Immunohistochemistry (IHC) and Immunocytochemistry Staining

The mice were transcardially perfused with 4% paraformaldehyde (PFA) (Sigma-Aldrich, Singapore); the brains were then removed, postfixed overnight in 4% PFA, and cryoprotected in 30% sucrose. Coronal brain sections were cut with a frozen sliding microtome. For the immunostaining of brain sections, tissue blocking and antibody incubations were performed with a solution of 1% BSA and 0.1% Triton X-100 (Sigma-Aldrich, Singapore) in PBS. The samples were blocked for 1 h at room temperature (RT), incubated overnight in primary antibody solutions at 4°C, and incubated for 2 h in secondary antibody solutions at RT. After the primary and secondary antibody incubations were complete, the sections were washed four times in PBS. Immunostaining was performed with the following primary antibodies: mouse anti-human nucleus antigen (hNuc) (1:200; Millipore, Singapore), mouse anti-human-specific NCAM (1:50; Santa Cruz Biotechnology, Dallas, TX, USA), rabbit anti-nestin (1:300; Millipore), rabbit anti-NeuN (1:500; Millipore), rabbit anti-doublecortin (DCX) (1:500; Abcam, Singapore), mouse anti-Tuj1 (1:500; Abcam), rabbit anti-glial fibrillary acidic protein (GFAP) (1:1,000; Abcam), rabbit anti-Olig-2 (1:500; Millipore), rabbit anti-tyrosine hydroxylase (TH) (1:1,000; Novus Biologicals, Littleton, CO, USA), rabbit anti-Ki-67 (1:500; Millipore), rabbit anti-DAT (1:1,000; Millipore), and rabbit anti-GABA (1:200; Sigma-Aldrich, Singapore). Alexa Fluor 488/568 goat anti-rabbit/mouse IgG (1:400, Invitrogen, Singapore) was used for fluorescence labeling. A peroxidase-conjugated goat anti-mouse secondary antibody (Vector Laboratories, Burlingame, CA, USA) was used for 3,3′-diaminobenzidine (DAB) (Vector Laboratories) labeling, and positive reactions were detected by the avidin–biotin complex (ABC) method (Vector Laboratories). The slices were mounted with fluorescence mounting medium (Dako, Carpinteria, CA, USA), and images were obtained with a confocal microscope (LSM710; Olympus, Tokyo, Japan).

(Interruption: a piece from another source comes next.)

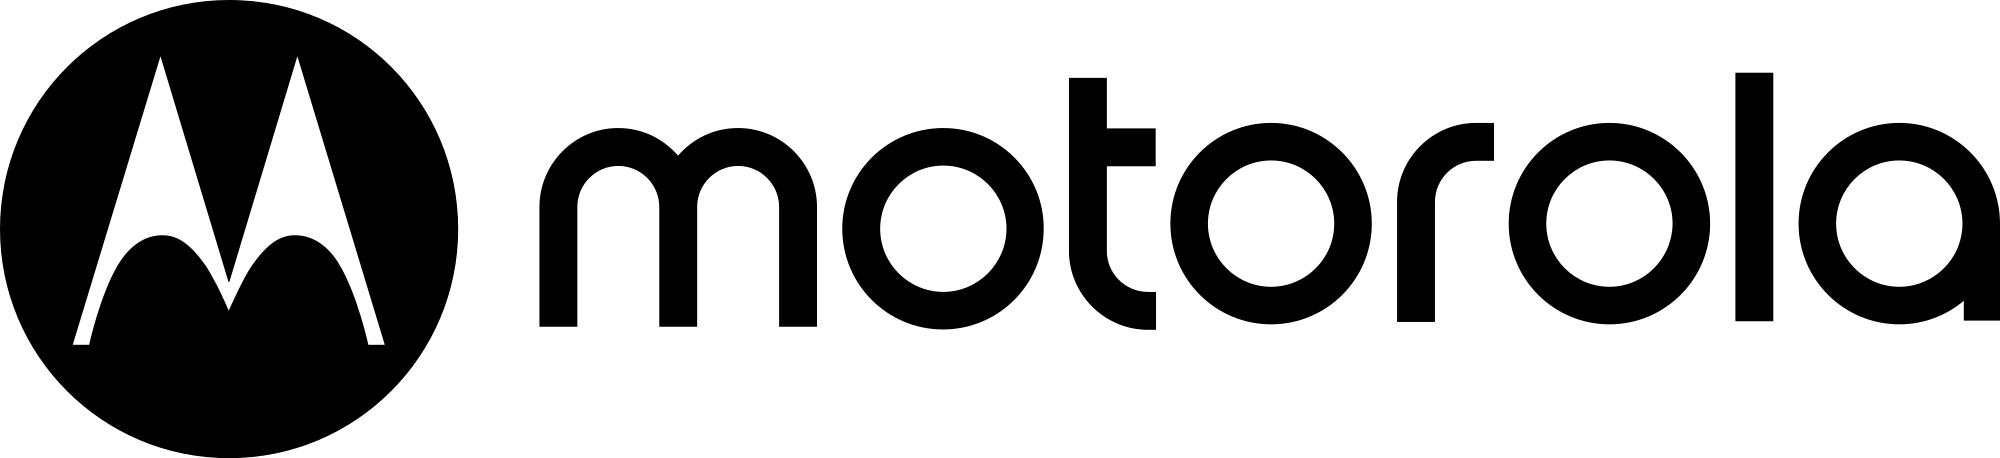 New Motorola Logo - Motorola new logo.svg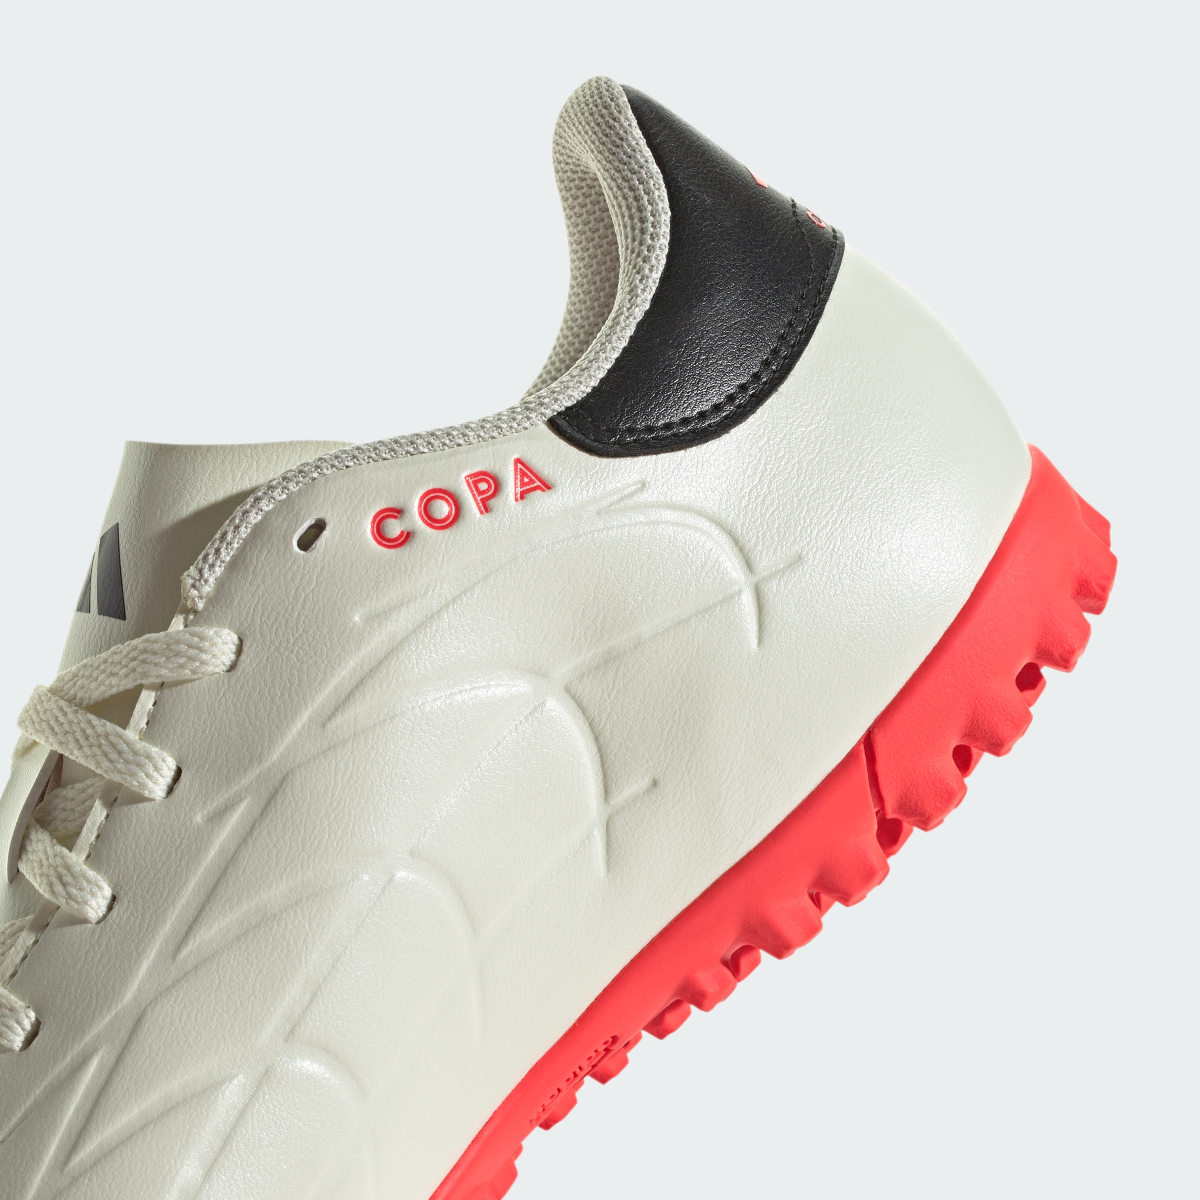 Adidas Copa Pure II Club Turf Boots. 9

For the immunostaining of cells prior to transplantation, the cells were plated onto TC plates coated with Geltrex (Thermo Fisher Scientific, Singapore) and fixed in 4% paraformaldehyde; they were then washed with PBS, permeabilized, and blocked with 0.1% Triton X-100/10% goat serum (Sigma-Aldrich, Singapore)/PBS. The following primary antibodies were used: a polyclonal antibody against the human nestin repeat (nestin, 1:200; Covance, Singapore) and a monoclonal antibody against paired box gene 6 (PAX6, 1:500; Developmental Studies Hybridoma Bank, Iowa City, IA, USA). The cells were washed with 1% BSA/PBS and incubated with the following secondary antibodies: Alexa Fluor® 488/594 goat anti-mouse/rabbit IgG (Invitrogen). Nuclei were stained with SlowFade® Gold Antifade Reagent (Thermo Fisher Scientific) with 4′,6-diamidino-2-phenylindole (DAPI). Images were captured using an inverted fluorescence microscope (IX70; Olympus).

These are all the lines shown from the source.